International career
- Years: Team / Apps / (Points)
- 2014-2015: Scotland U16
- 2015-2016: Scotland U18
- 2016–2017: England U18 / 5 / (20)
- 2018–2019: England U20 / 9 / (15)
- 2021–: Scotland / 15 / (5)
- 2026: Scotland 'A' / 1 / (0)

= Cameron Redpath =

Scotland international rugby union player

Cameron Redpath (born 23 December 1999) is a Scotland international rugby union player who plays as a centre for Premiership Rugby club Bath. Born in France, he represents Scotland at international level after qualifying on ancestry grounds. His father, Bryan Redpath, is a former Scotland captain.

== Club career ==
He came through the Sale Sharks academy and played 22 games for the club before joining Bath Rugby in February 2020.

== International career ==
Cameron Redpath represented Scotland at U16 level and both Scotland and England at U18 level. Redpath represented England under-20 in the 2018 Six Nations Under 20s Championship, scoring tries against Wales and France. Redpath was selected in England's 34-man squad for their 2018 summer tour of South Africa but was unable to travel with the squad because of injury. He scored a try against Scotland in the 2019 Six Nations Under 20s Championship. He also played at the 2019 World Rugby Under 20 Championship however his tournament came to an end when he received a six-week ban for biting an opponent in their penultimate match against Ireland.

In January 2021, Redpath was selected in the Scotland 2021 Six Nations Championship squad. On 6 February 2021 he started for Scotland at Centre in the Calcutta Cup against England. Redpath came on as a replacement versus Wales in the 2022 Six Nations match.

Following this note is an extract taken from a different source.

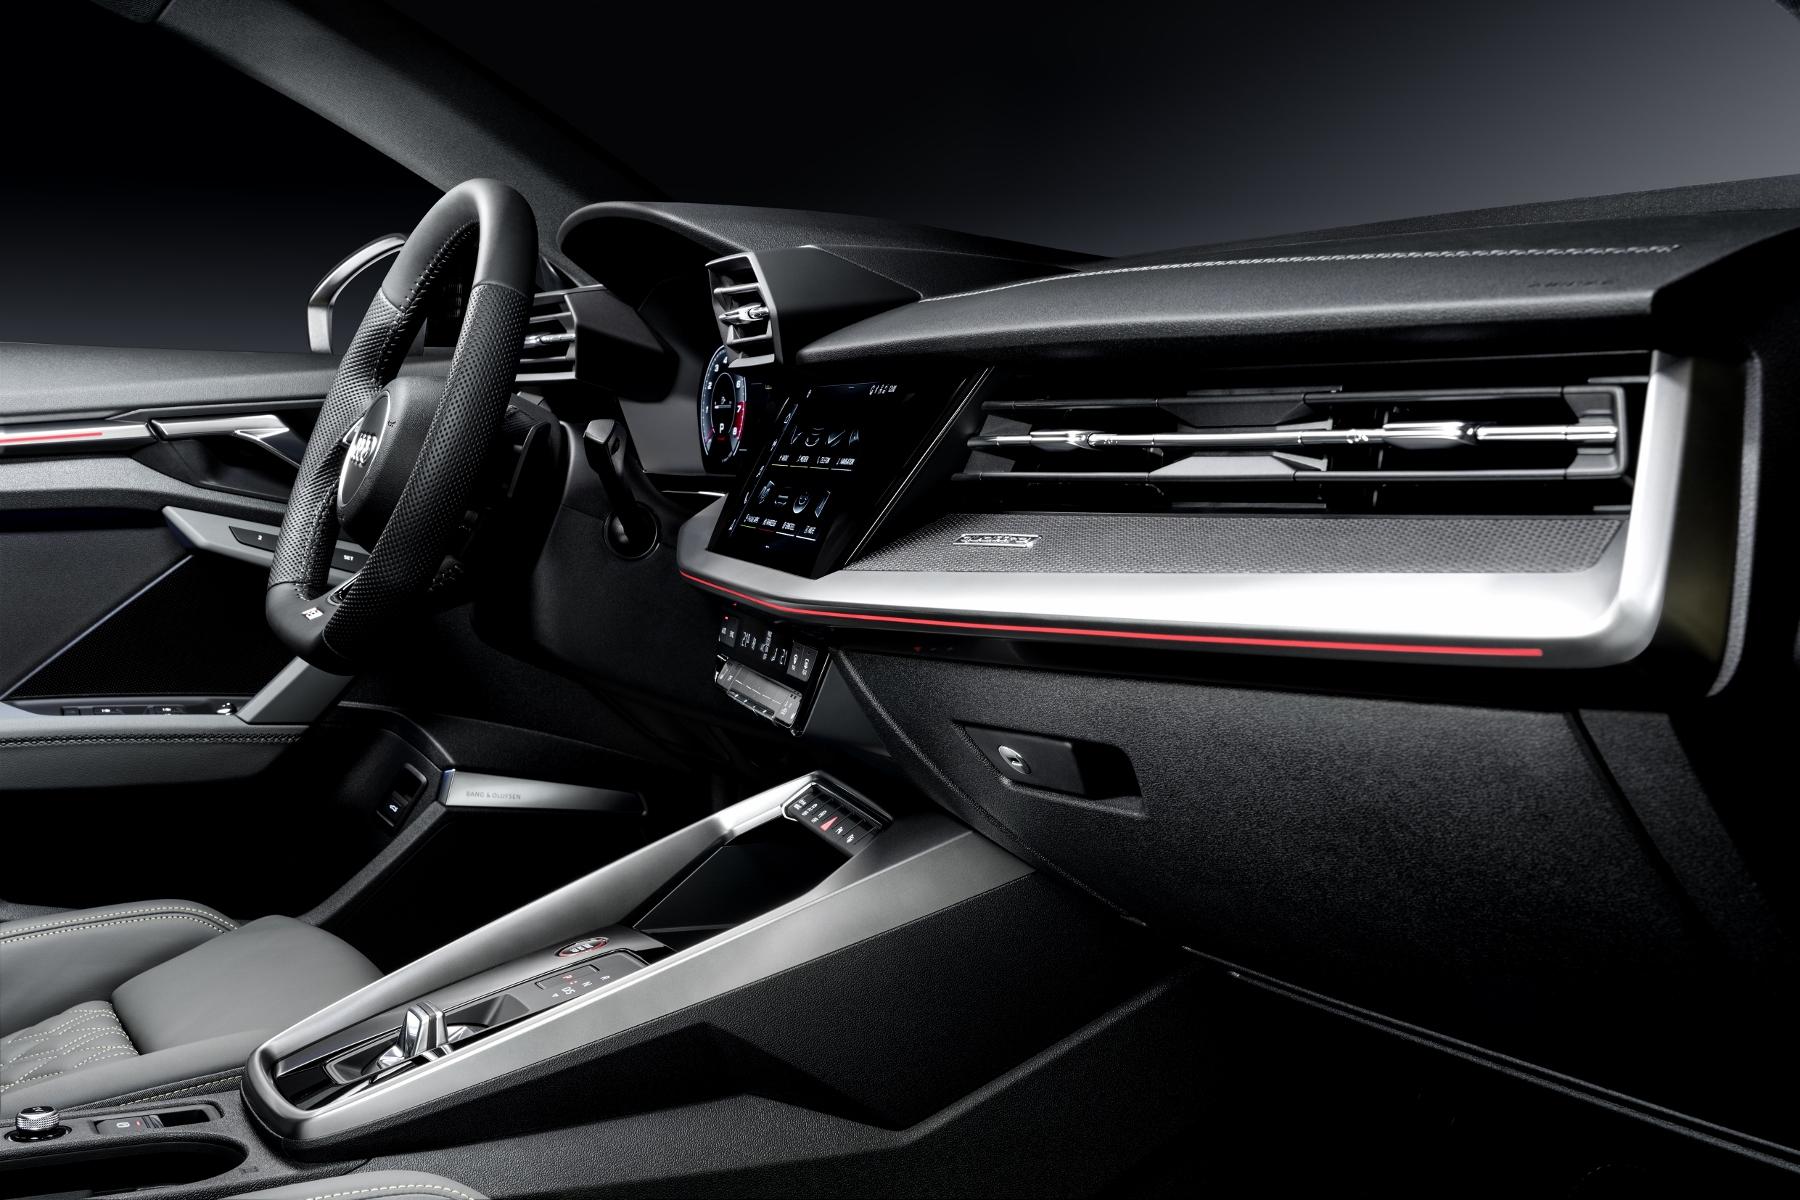 Audi ukázalo modely S3 Sedan a Sportback. Prezradilo aj nemeckú cenu QT1WdDW5JM a204423large-1800x12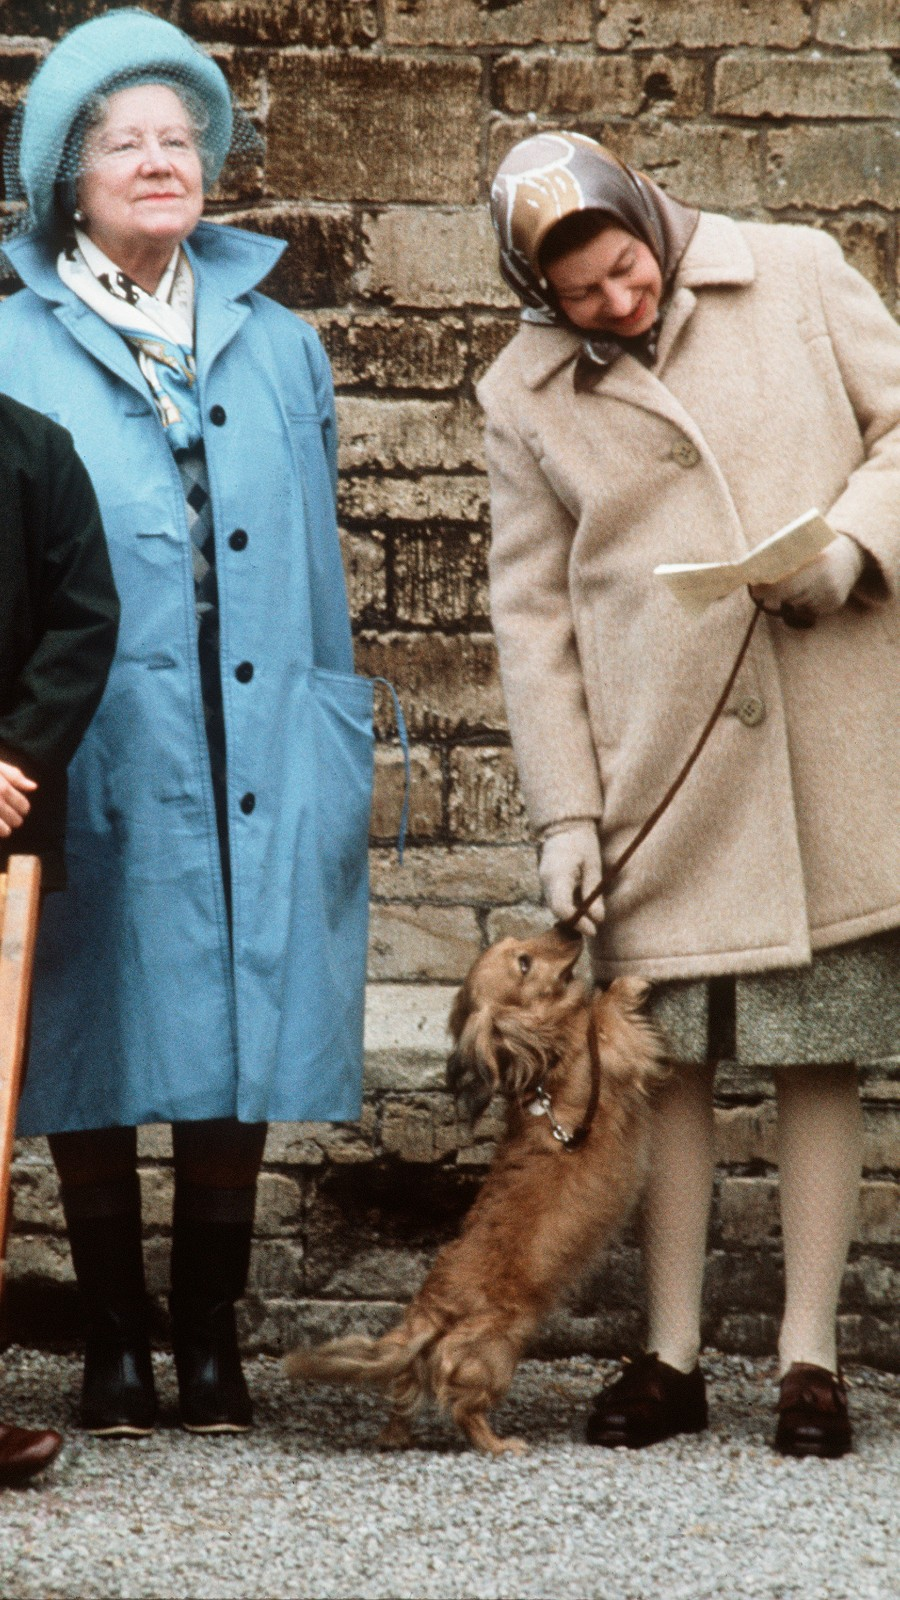 La reine, Elizabeth II avec son corgi et la reine mère.

In 2023 Redpath was selected in Scotland's 33 player squad for the 2023 Rugby World Cup in France.

He played for Scotland 'A' on 6 February 2026 in their match against Italy XV.

== Personal life ==
Cameron is the son of former Scotland international captain Bryan Redpath, and was born in France when his father was playing there for RC Narbonne. He was educated at Cheltenham College, The King's School, Macclesfield, and Sedbergh School on a scholarship. His uncle Craig also played at a high level, and his younger brother Murray was playing for the Scotland Under-20 team in 2022.

Bryan Redpath's nickname as a player was "Basil" and whilst at Sale his son was given the nickname "boom boom" as a result due to the association with the children's television character Basil Brush.